Legacy of ministers lights public safety alert

Legacy of ministers lights public safety alert

The conduct of public security in the management of Luiz Inácio Lula da Silva (PT), under the command of Minister Flávio Dino (PSB), has been floundering in this beginning of the new federal administration. With few proposals presented both in the partial government program and during the electoral campaign, the scenario that began in Lula’s new term is one of many ideological discourses and few clear definitions on the subject.

One of the hopes for the emergence of concrete measures to fight crime was the relaunch of the National Program for Public Security with Citizenship (Pronasci). The program was launched on Wednesday (15) – still in the tone of an electoral campaign -, with various nods to Lula’s support base, criticism of political opponents and police forces and, above all, without measures to confront organized crime.
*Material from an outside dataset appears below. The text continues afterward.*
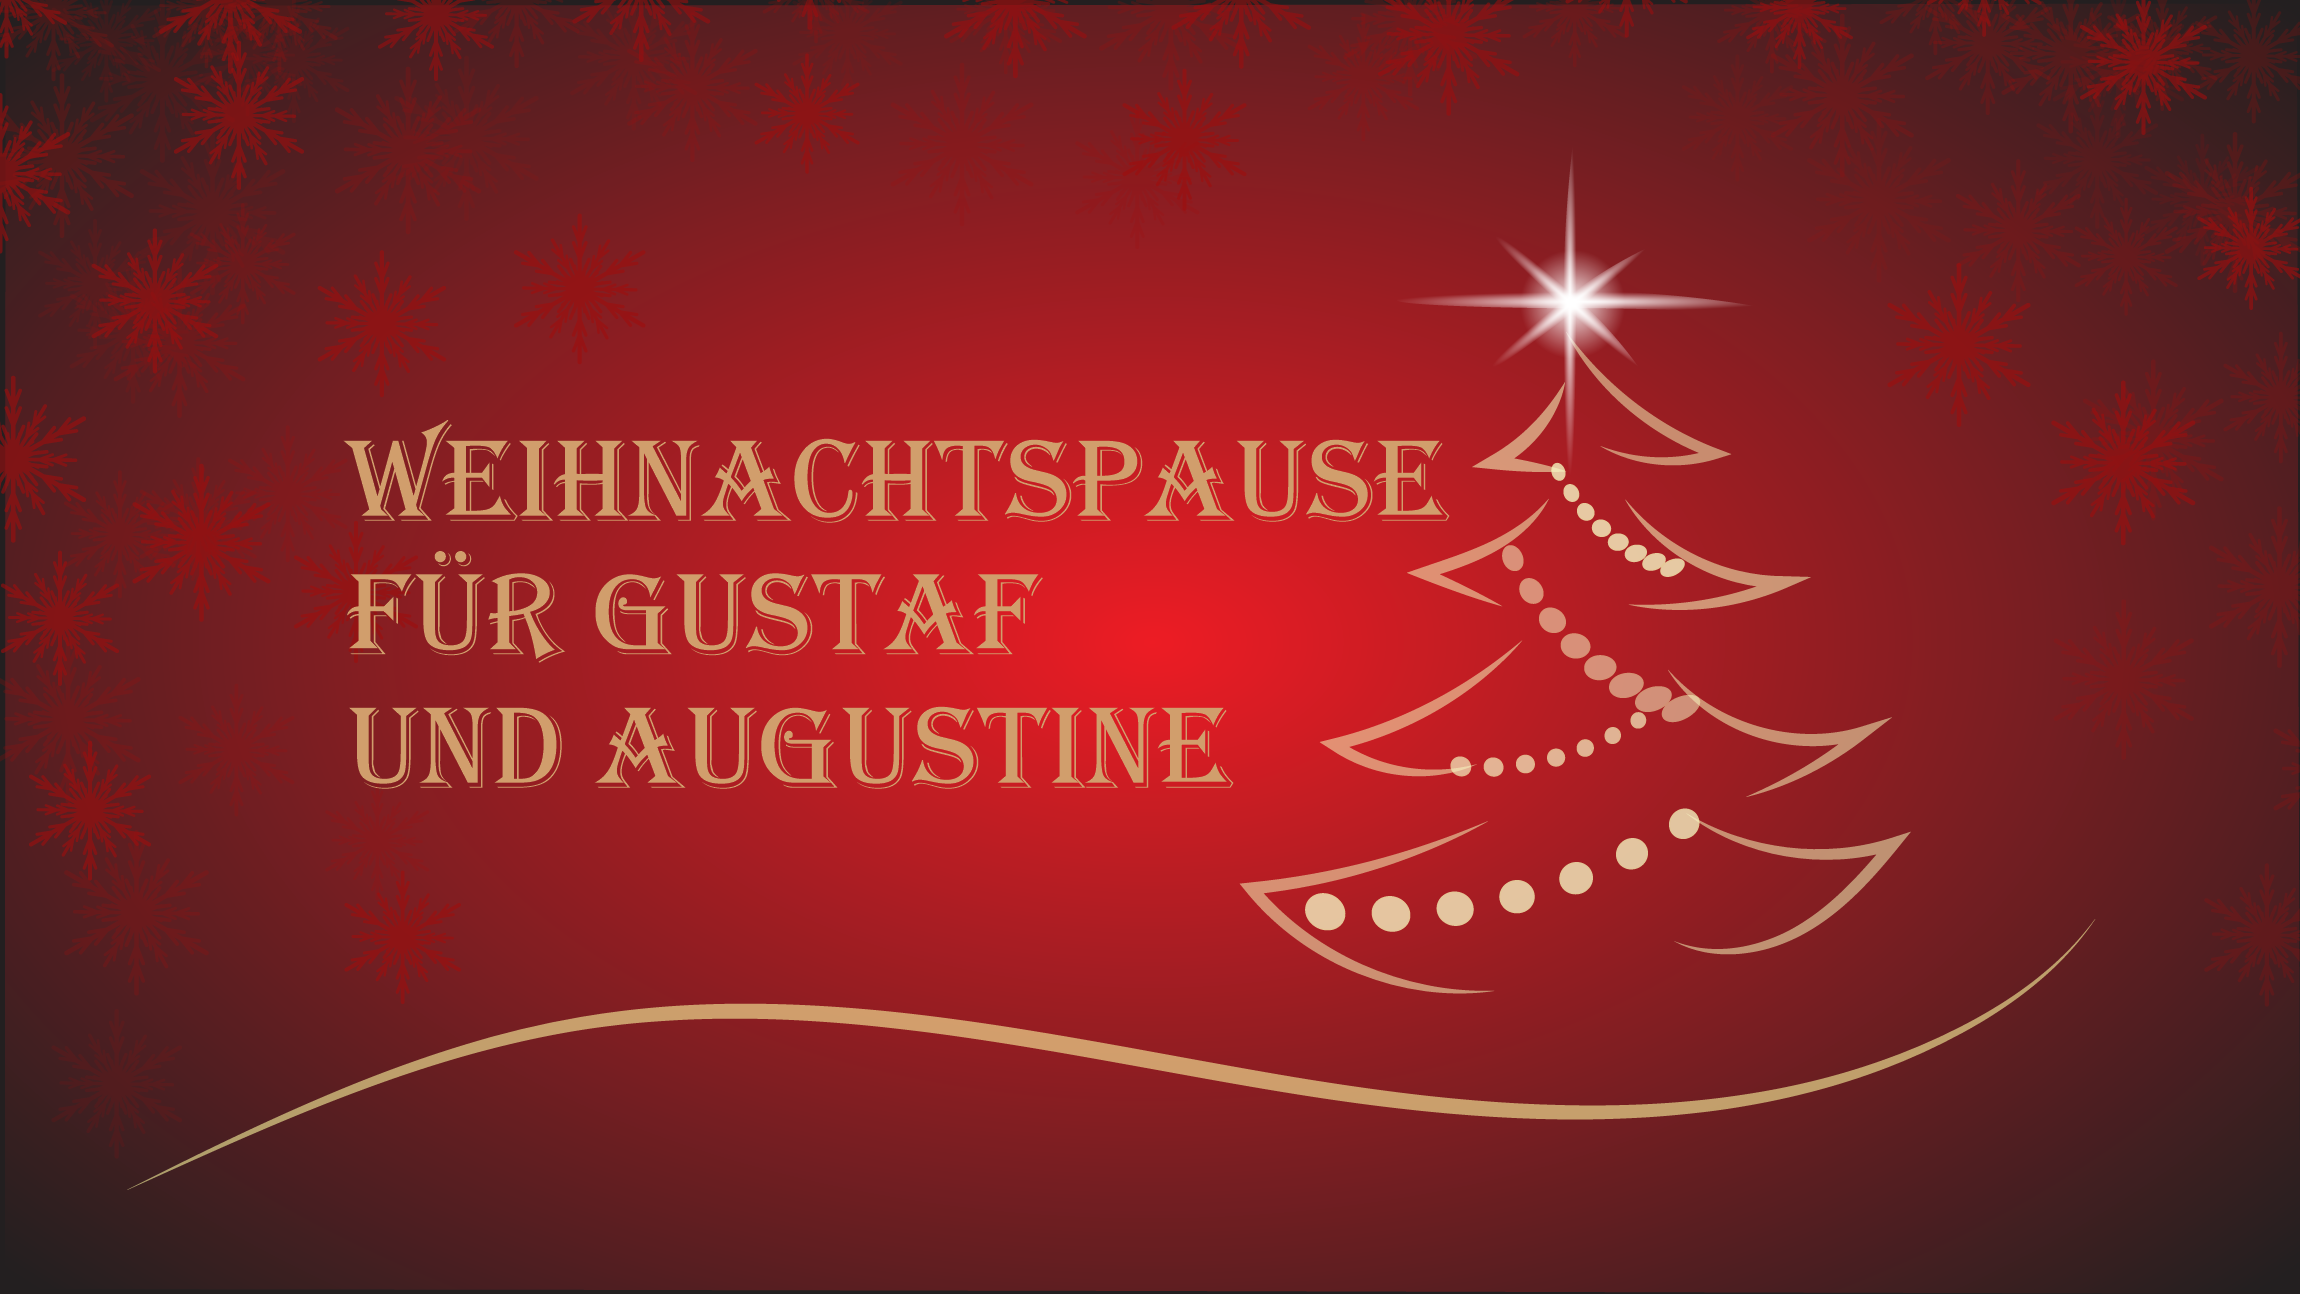 You are currently viewing Weihnachtspause für Gustaf

The announcement concerns specialists in public security, who point to a lack of pragmatism in the management of the issue by the PT government.

With growing concern about the conduct of security at the federal level, the People’s Gazette evaluated the way in which two Brazilian states that were governed by Lula’s ministers, Bahia and Maranhão, were managed in recent years to understand what can be expected from now on regarding the fight against crime.

Both states have been governed in recent years with a vision very close to what Lula has announced that he intends to follow – while Maranhão has been under the command of Minister Flávio Dino for the last eight years, Bahia has been governed since 2007 by members of the Partido dos Workers (PT); Rui Costa, current Minister of the Civil House, I was one of the PT members who was at the head of the State Executive.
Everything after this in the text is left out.